◆ DATASET SECTION
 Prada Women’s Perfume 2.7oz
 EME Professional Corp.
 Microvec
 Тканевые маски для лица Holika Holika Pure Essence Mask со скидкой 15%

◆ WORK TO COMPLETE
Repeat exactly the lines of the material from the one with "EME Professional Corp." through the end, both the first and the last included.

◆ RESPONSE AREA
 EME Professional Corp.
 Microvec
 Тканевые маски для лица Holika Holika Pure Essence Mask со скидкой 15%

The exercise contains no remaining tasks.